Why did Scotch made the decision to move towards a more sustainable business?
"If you look purely at the textile industry, we didn't do anything about it until two years ago. This because our previous CEO never encouraged it. He actually always laughed it off a bit and said: ‘We are in the clothing industry and it's dirty, we can't take anything with us. All we are doing is greenwashing.’ As a result, the brand's vision of sustainability has not been developed”.
How did you get him to opt for sustainable production after all?
"For a year now, we have had a new CEO, who comes from Stella McCartney, a very activist brand. They have sustainability at the heart of their business. He came to us with the same core, provided he had the freedom to make Scotch a sustainable brand”.

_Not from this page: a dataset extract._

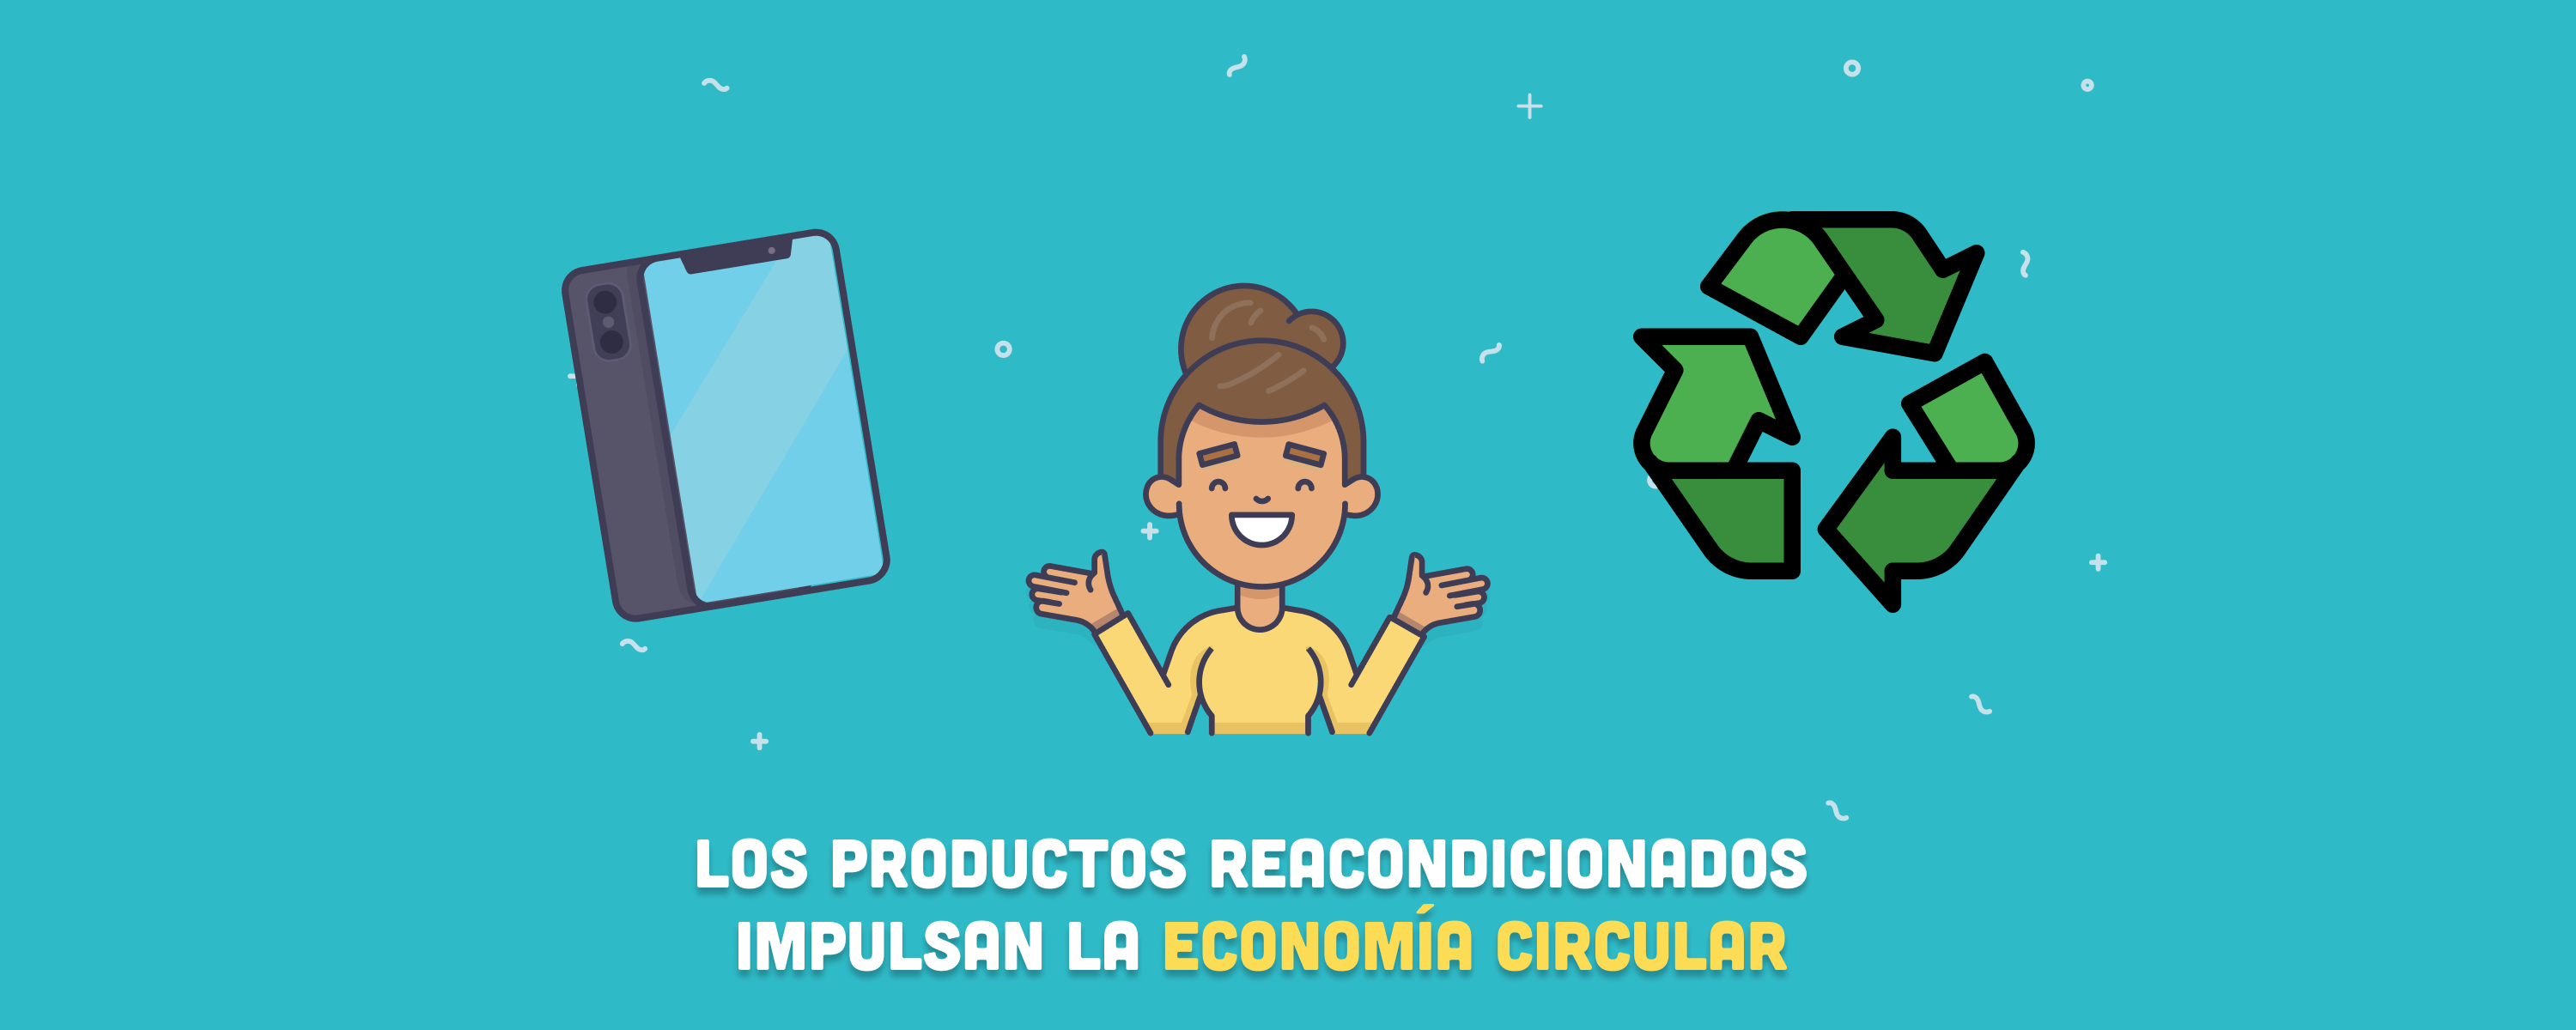 Los productos reacondicionados impulsan la economía circular

So, you had to build everything from scratch, what steps have been taken within the company to move to sustainability?
"It started a year ago and we converted our cotton to Better Cotton Initiative. We do not call this sustainable at all. We pay extra, that money goes to the training of cotton farmers. In this way, we were doing our bit.
Step two was organic cotton. Before that we joined the Global Organic Textile Standard where you can really see a difference in the product. The fabric of the product has actually improved as a result. The quality is not necessarily good, many people think it is, but it is often the case that organic cotton is of a slightly lower quality”.
The social field is often forgotten by many brands, how do you commit to this?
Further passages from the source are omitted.